> [Task to complete] Your answer must be the full listing below, repeated exactly, with no pictures in it.

> [Given information]
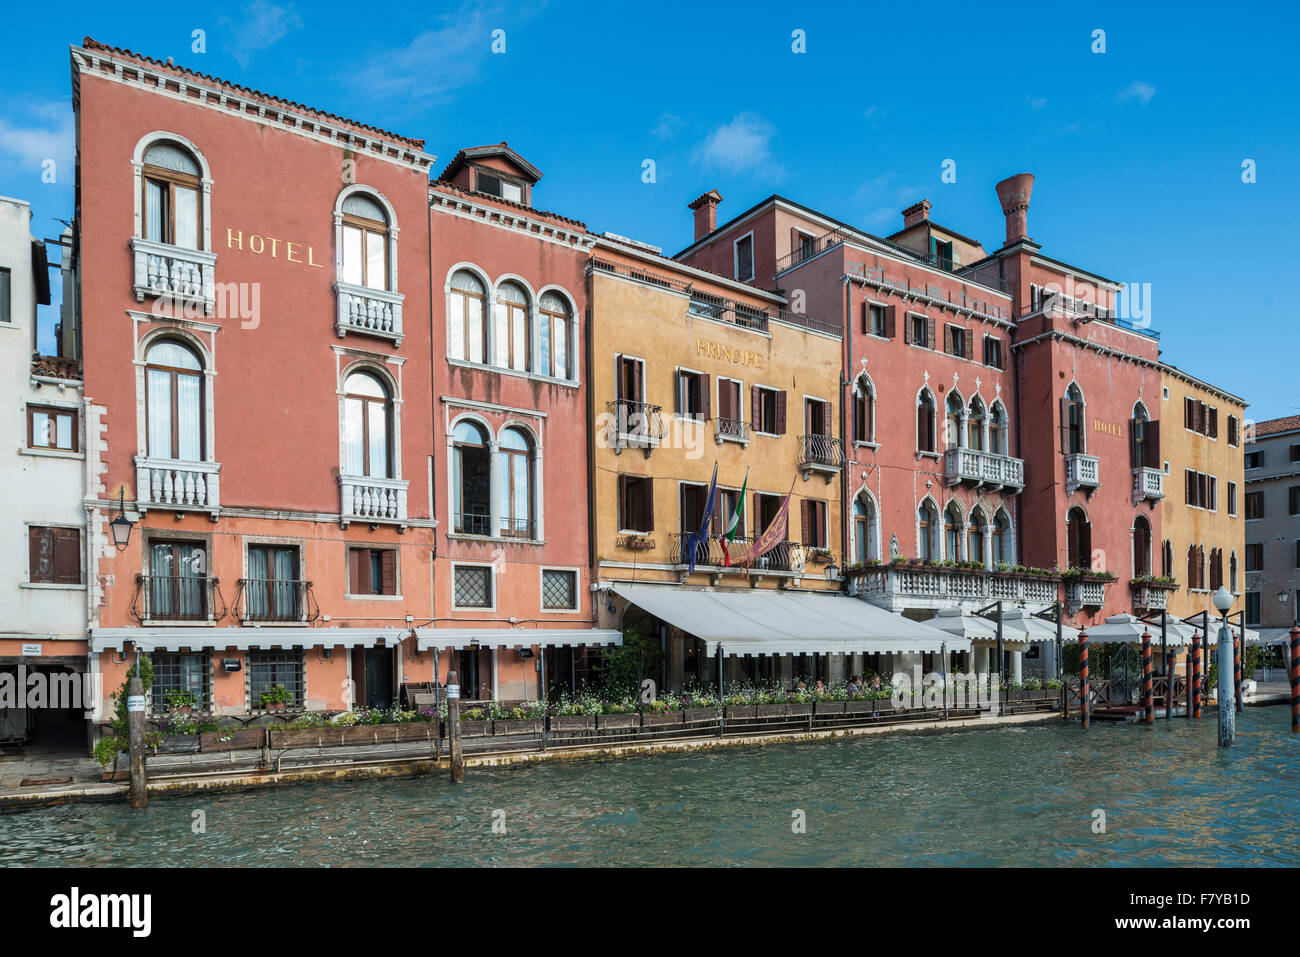 Hotel Principe, Grand Canal, Cannaregio, Venice, Veneto, Italy Stock Photo
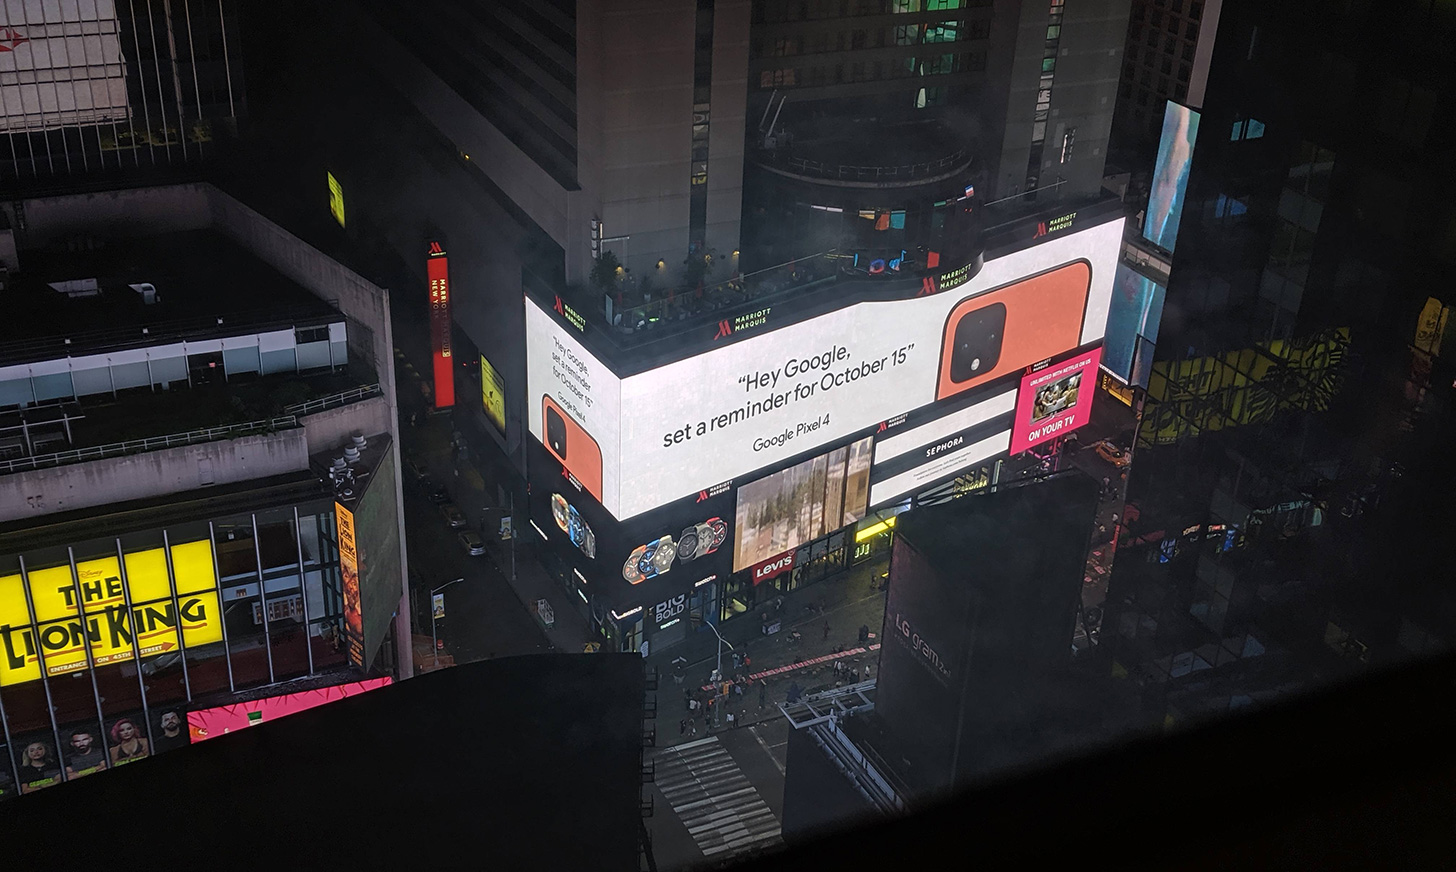 Orange Pixel 4 dikonfirmasi oleh iklan Google di Times Square
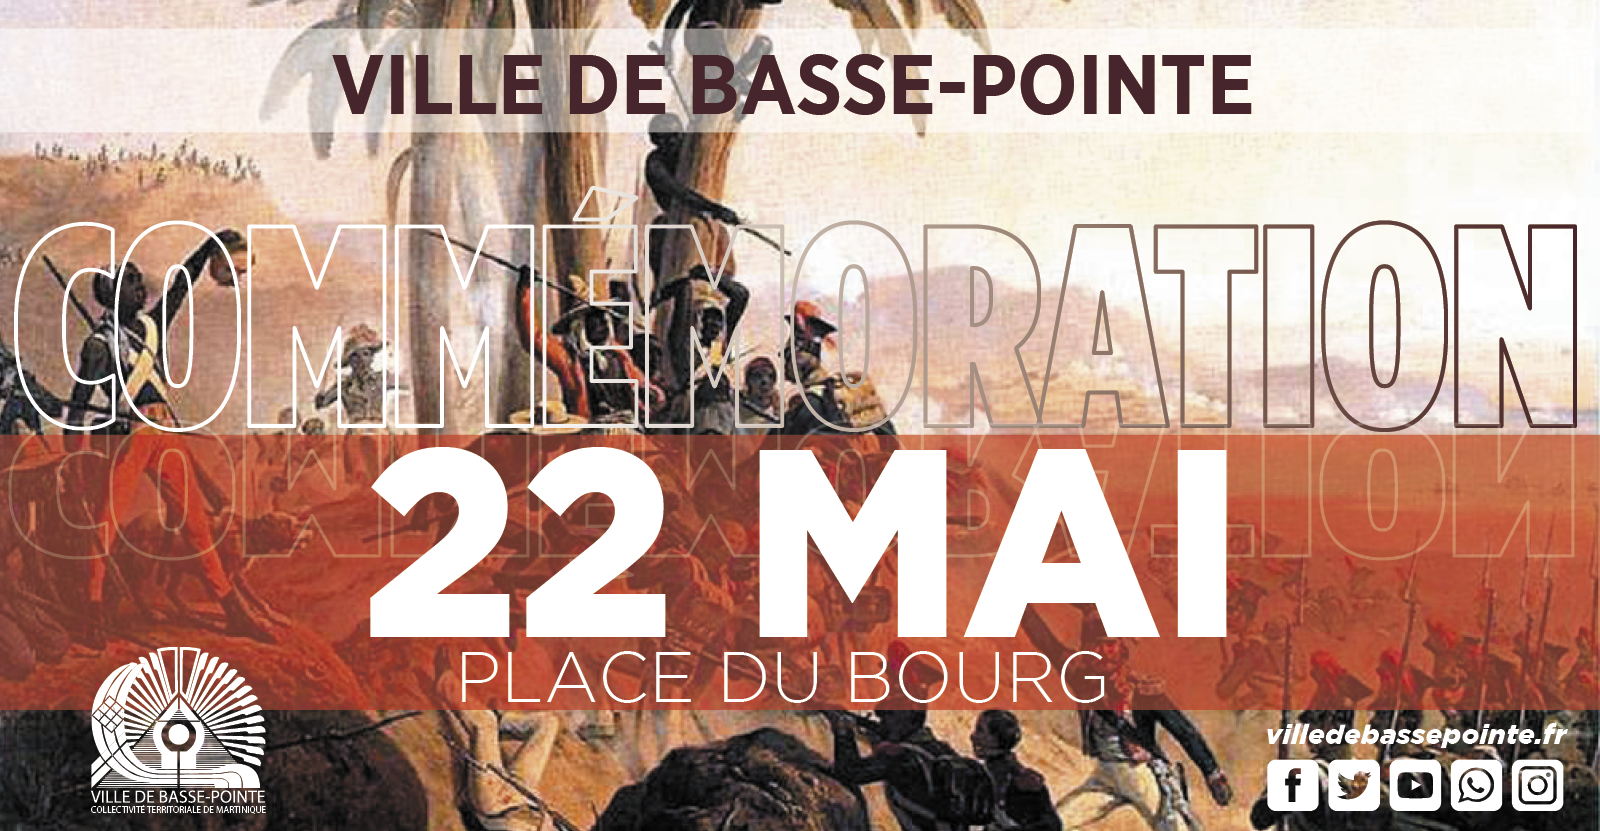 Commémoration de l'Abolition de l'esclavage - Ville de Basse-Pointe
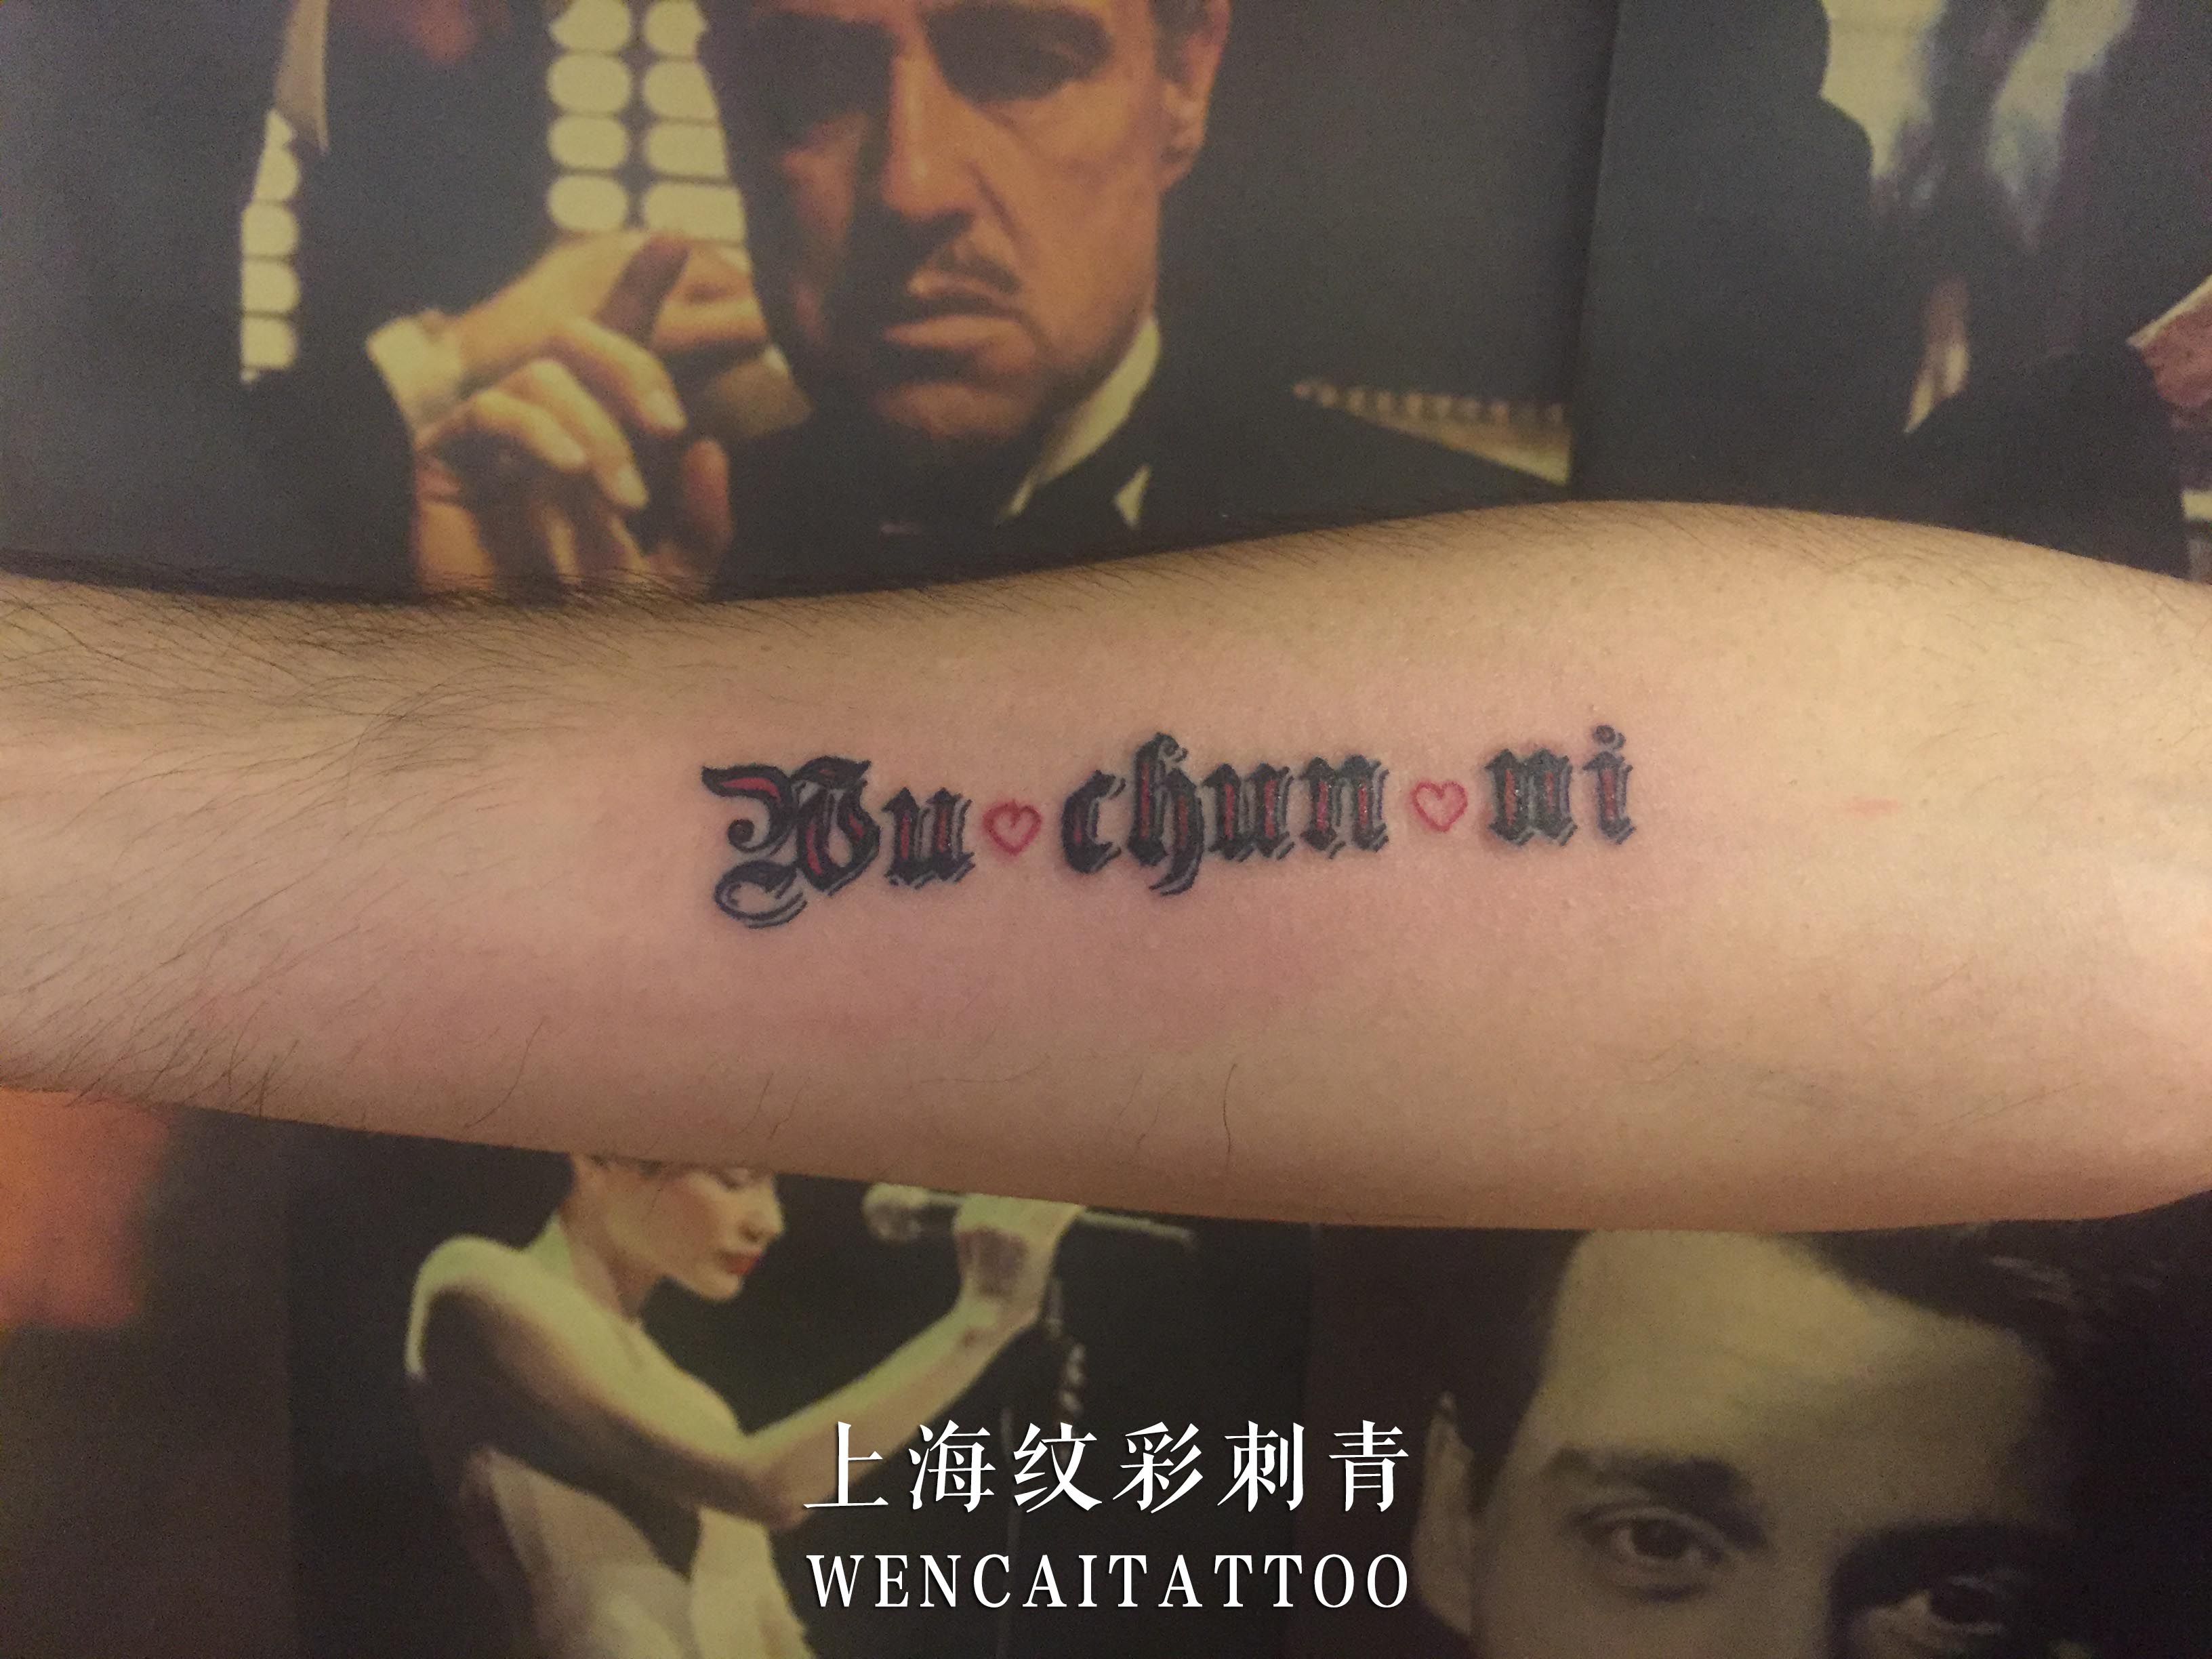 上海的易先生小臂上的示爱英文纹身图案

> [Answer to this task]
 Hotel Principe, Grand Canal, Cannaregio, Venice, Veneto, Italy Stock Photo
 Orange Pixel 4 dikonfirmasi oleh iklan Google di Times Square
 Commémoration de l'Abolition de l'esclavage - Ville de Basse-Pointe
 上海的易先生小臂上的示爱英文纹身图案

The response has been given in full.